I have a Hive installation with Tez as an execution engine. When I run simple queries (select * from table where col = value
), it seems Hive doesn't rely on Tez at all.
Explain looks like
Plan optimized by CBO.
2
3 Stage-0
4 Fetch Operator
5 limit:-1
6 Select Operator [SEL_2]
7 Output:
8 {lots of columns}
8 Filter Operator [FIL_4]
9 predicate:(UDFToDouble(col) = value)
10 TableScan [TS_0]
11 Output:
12 {lots of columns}
There are no 'stages' shown in Hive UI for the query, no DAGs in Tez UI, and I don't see any traces of Tez invoke in logs as well. Based on hive logs and CPU consumption all processing happening on the master node, which makes it a bottleneck basically. As far as I could understand it even process files in serial mode, which make things even worse in terms of timings.
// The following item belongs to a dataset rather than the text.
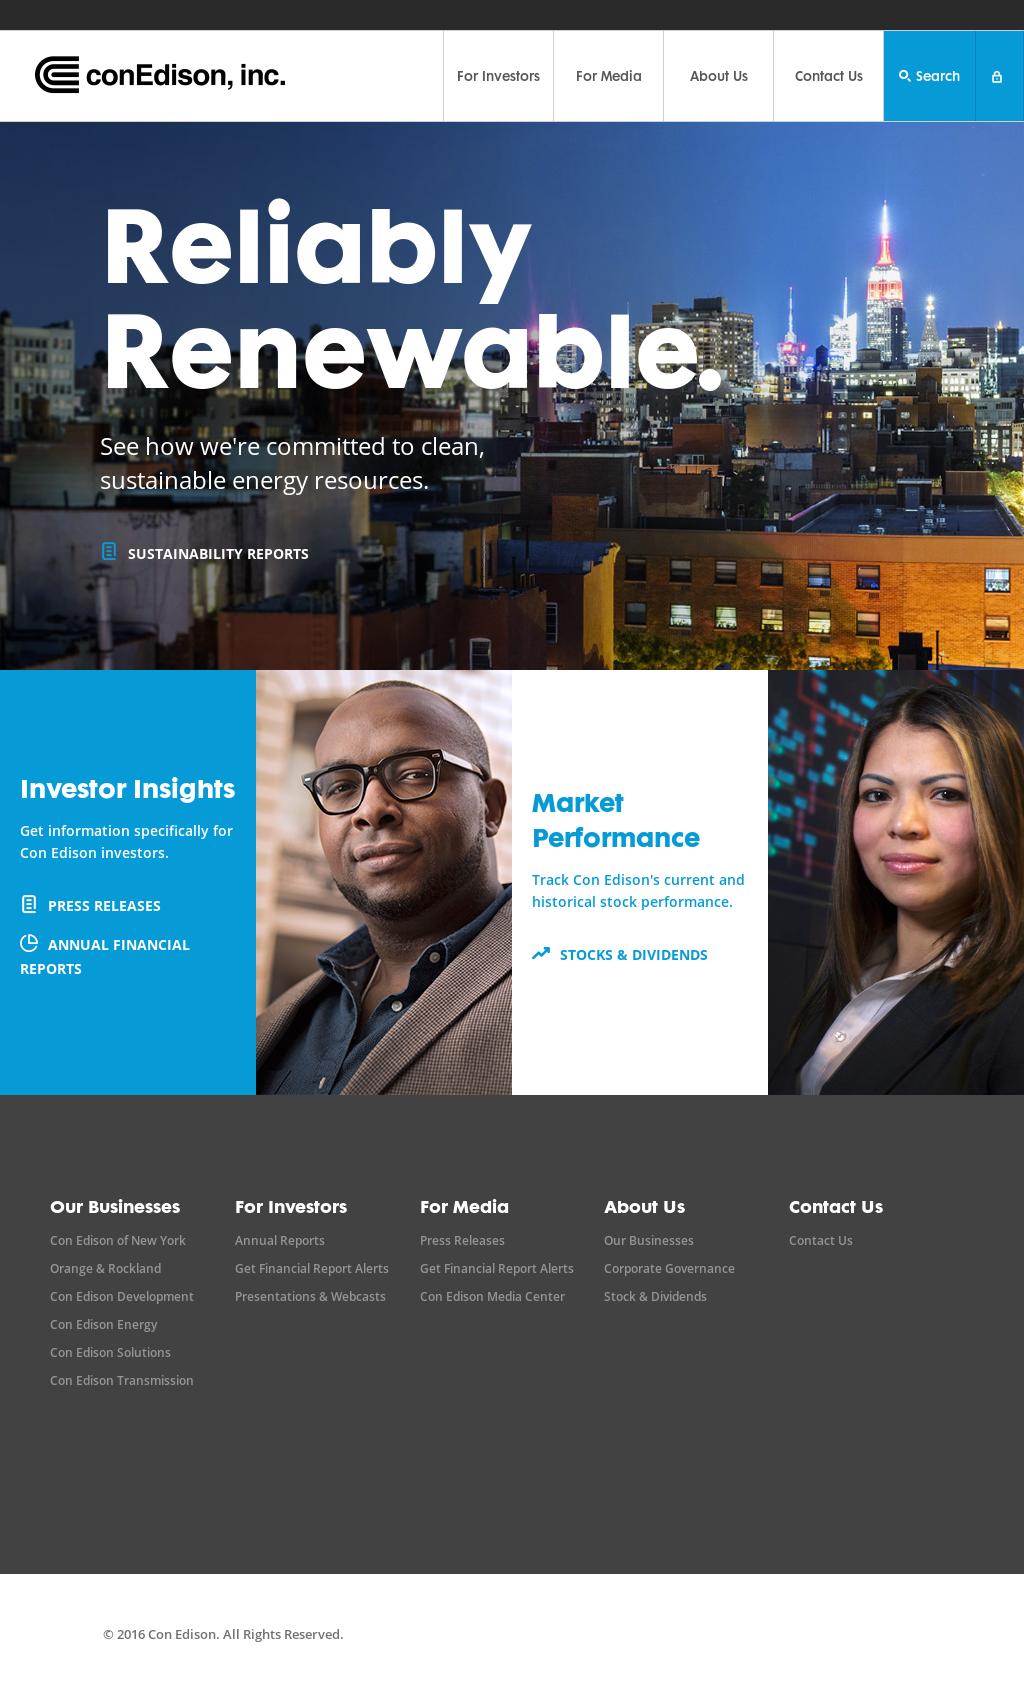 Con Edison Competitors, Revenue and Employees - Owler

On more complicated queries, Tez is involved and processing gets distributed across workers of the cluster. Explain looks like
1 Plan optimized by CBO.
2
3 Vertex dependency in root stage
4 Map 1 <- Reducer 3 (BROADCAST_EDGE)
5 Reducer 3 <- Map 2 (SIMPLE_EDGE)
...
So, my questions are:
- based on what Hive decide when to process data via Tez, and when not? Any explanation comments or links will be much appreciated;
- is there any way to force the use of distributed processing to unload the master node?